▸ YOUR INSTRUCTIONS
Give again, word for word, every line in the entries below from the line with "Bonheur lesbien de" up to and including the line with "2007 Bmw M6", and no other line.

▸ DATA TO USE
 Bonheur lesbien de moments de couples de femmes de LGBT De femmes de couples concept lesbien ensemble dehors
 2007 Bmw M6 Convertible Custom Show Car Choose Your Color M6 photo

==

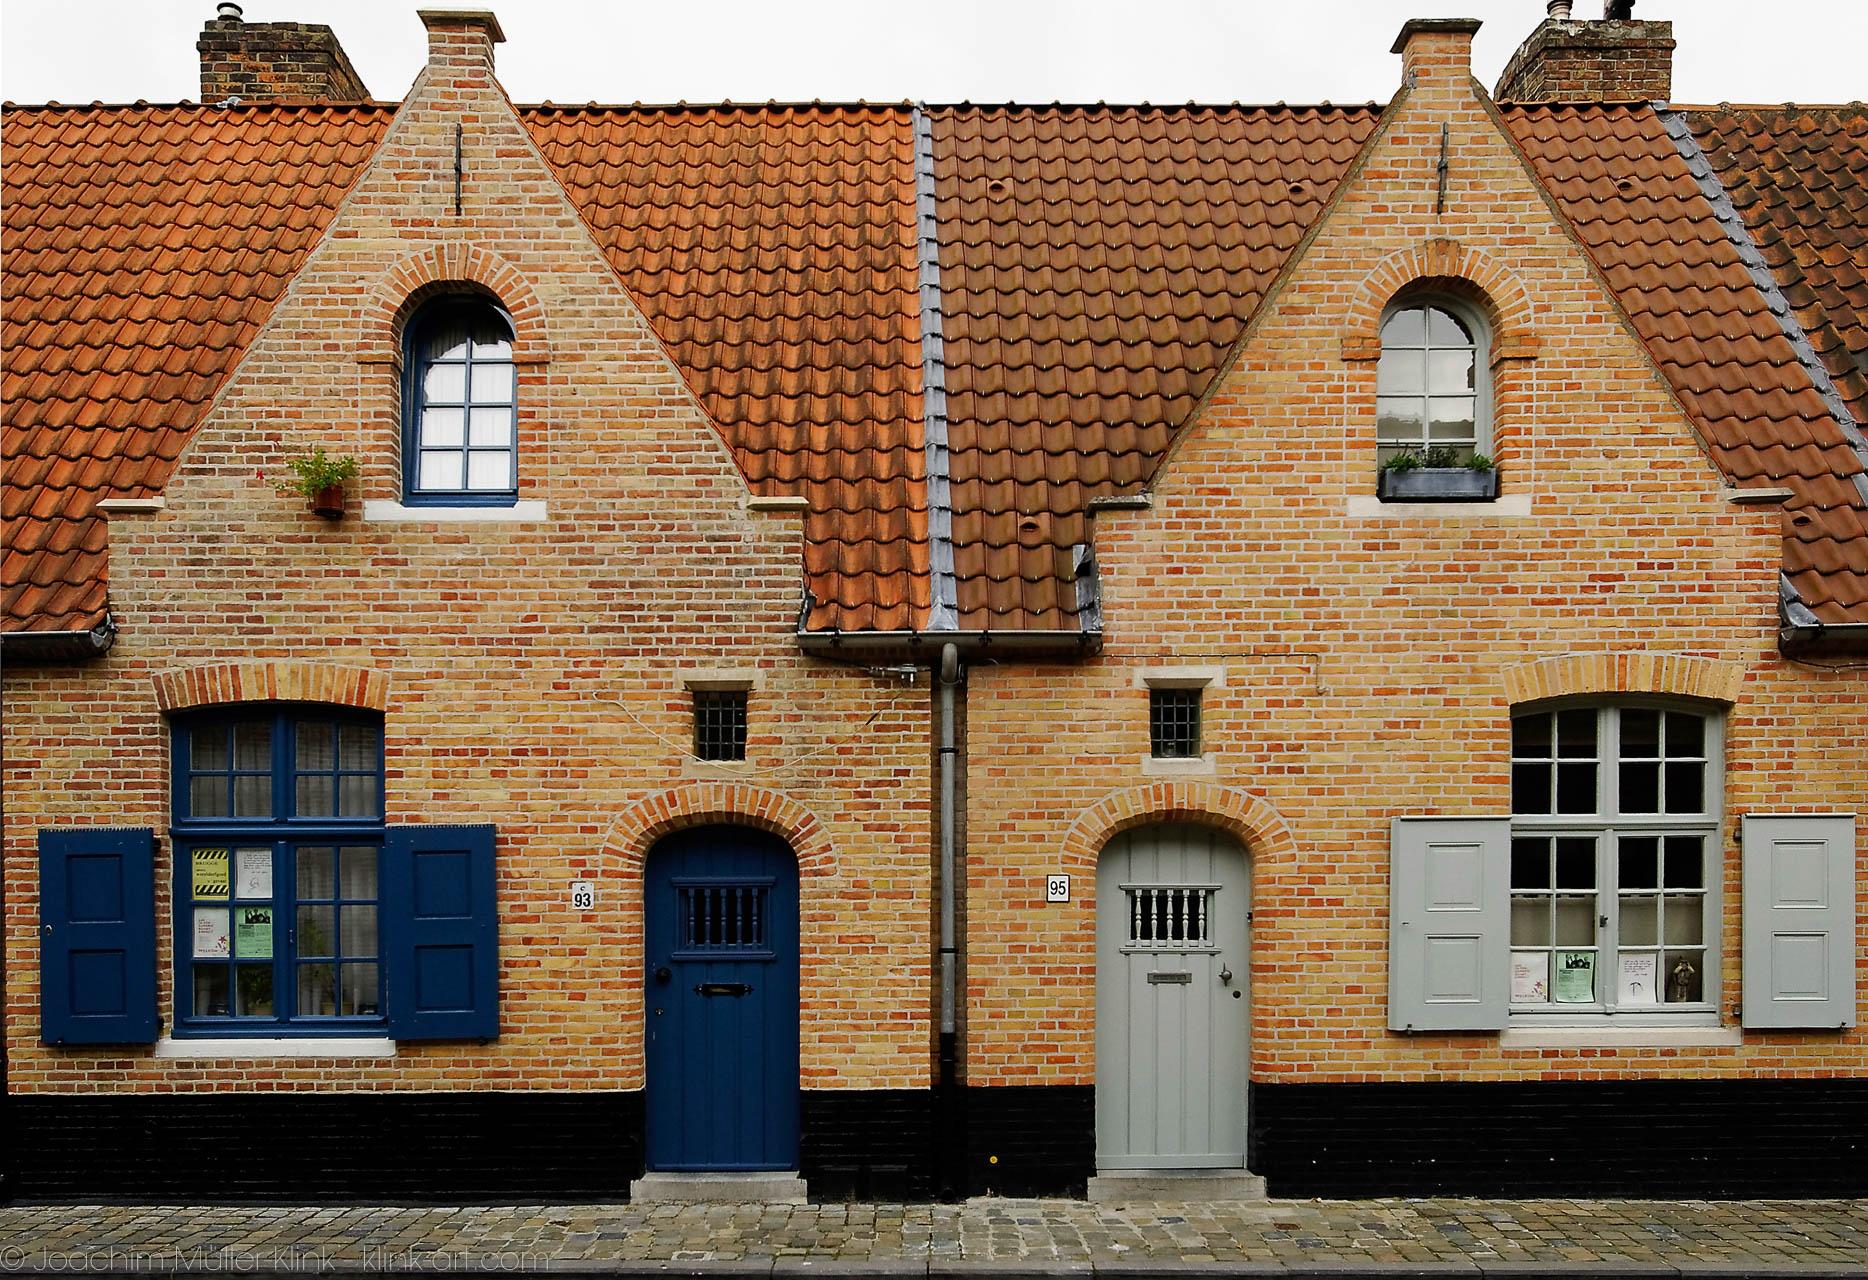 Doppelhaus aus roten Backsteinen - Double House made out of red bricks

▸ YOUR SOLUTION
 Bonheur lesbien de moments de couples de femmes de LGBT De femmes de couples concept lesbien ensemble dehors
 2007 Bmw M6 Convertible Custom Show Car Choose Your Color M6 photo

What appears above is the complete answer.